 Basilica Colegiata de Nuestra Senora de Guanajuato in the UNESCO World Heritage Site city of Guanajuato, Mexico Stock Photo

──────

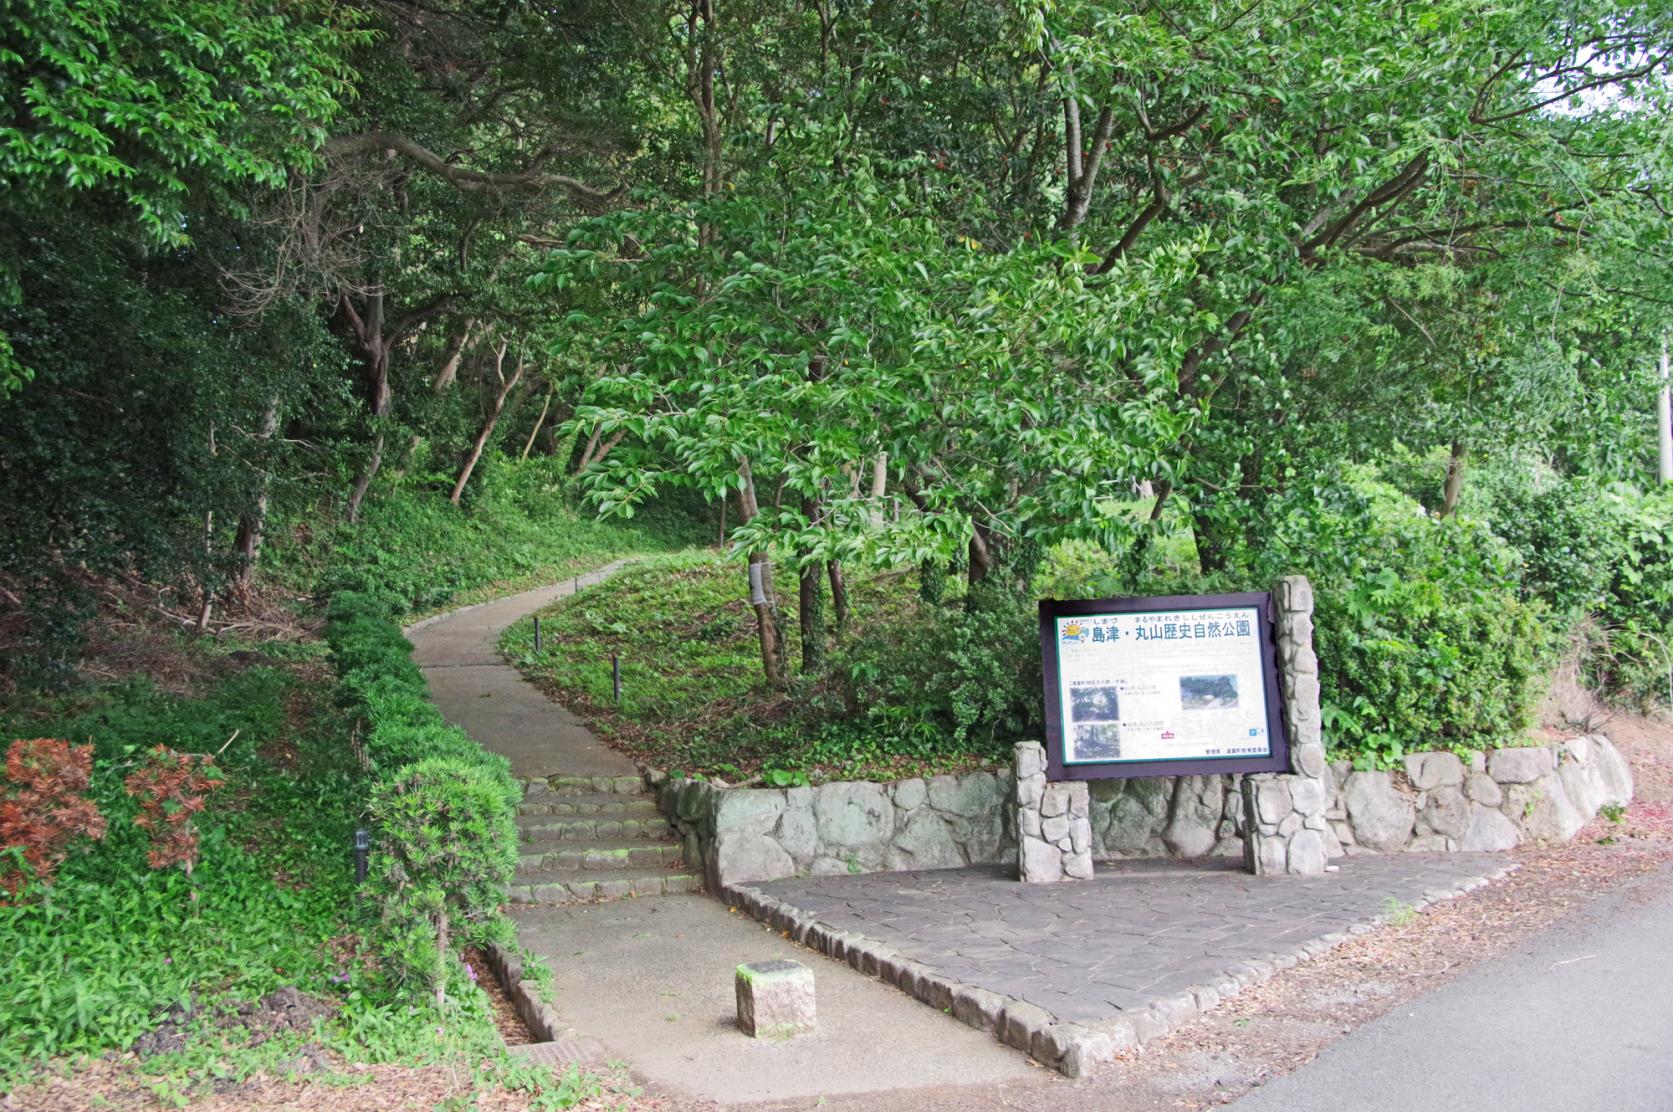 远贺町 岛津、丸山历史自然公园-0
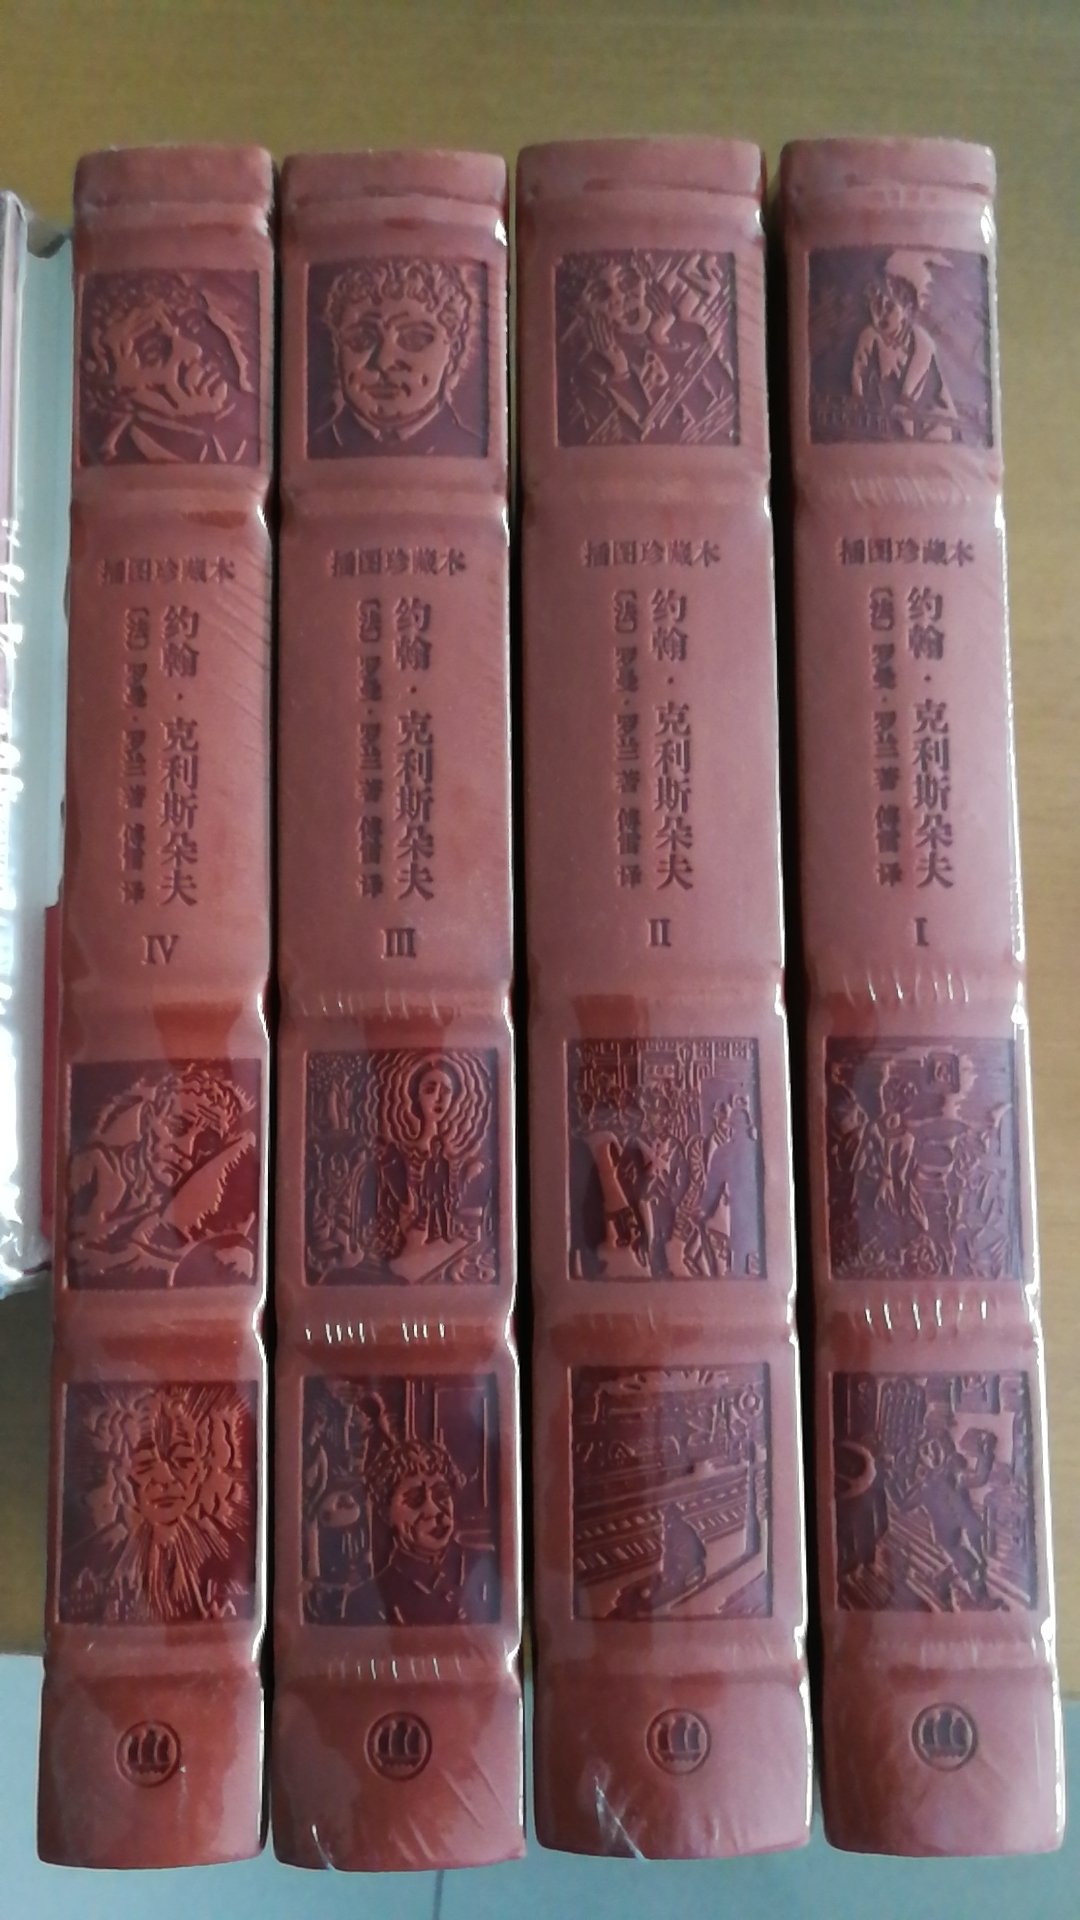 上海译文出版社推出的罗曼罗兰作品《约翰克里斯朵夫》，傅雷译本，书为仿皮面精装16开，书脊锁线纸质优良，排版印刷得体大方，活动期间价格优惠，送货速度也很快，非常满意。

──────

THE PROBLEM: Everything from the line with "远贺町 岛津、丸山历史自然公园-0" down to the line with "上海译文出版社推出的罗曼罗兰" in the data above should be copied exactly, with both end lines kept and the pictures left out.

THE COMPLETED TASK:
 远贺町 岛津、丸山历史自然公园-0
 上海译文出版社推出的罗曼罗兰作品《约翰克里斯朵夫》，傅雷译本，书为仿皮面精装16开，书脊锁线纸质优良，排版印刷得体大方，活动期间价格优惠，送货速度也很快，非常满意。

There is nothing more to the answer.